= Panty Raiders =

The Panty Raiders – Leba Haber Rubinoff and Katie Marsh – are two women who created a website purporting to sell "Forget-me-not Panties" in 2005. The website was created as an entry into the New York-based Contagious Media Showdown's contest to see which purpose-built website could spark the most viral interest over a three-week period. Haber Rubinoff and Marsh saw the contest and website as a venue to raise awareness and discussion about gender. They were not expected to win, but their work was picked up by Fark, the College Humor blog and other sites, leading to more than 600,000 sites during the contest period and one million hits in the six months between May and November 2005.

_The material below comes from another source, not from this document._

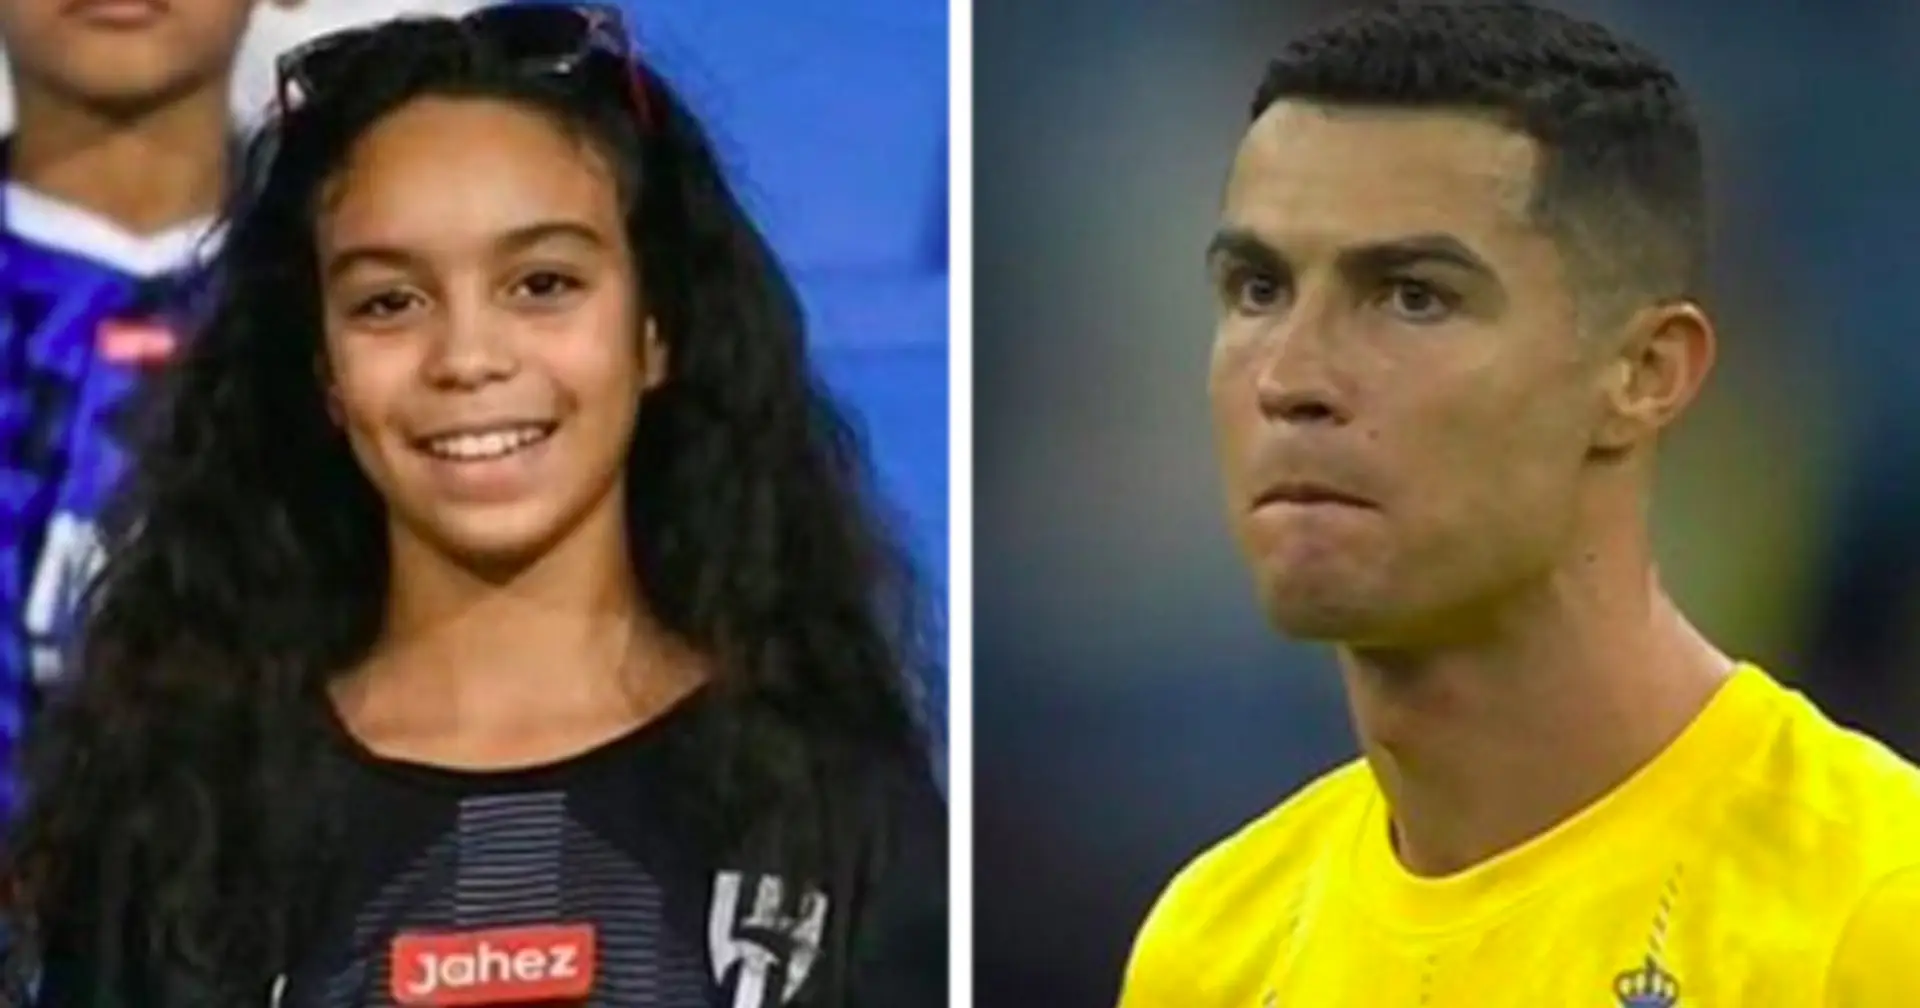 This girl is trending worldwide – she is called Ronaldo's biggest nightmare after Messi

Surprising both the creators and the contest organizers, many visitors to the website believed the product to be real and attempted to order the panties or learn how to become a distributor. The creators believe the website's success, which was a significant return on a $18 investment, came from the humor and the fact that it was picked up by key bloggers who helped to spread the word. This resulted in the duo winning the $2,500 grand prize.

Other websites created by the duo include: Plastic Assets, which advertised a new credit card that offered free breast implants to young applicants; Christians Against Hip Hop, which tried to save white girls from the "dangers" of hip hop; and Adopt Black Girls, a fake adoption agency for young girls, which raised awareness about the effects of racist policy after Hurricane Katrina.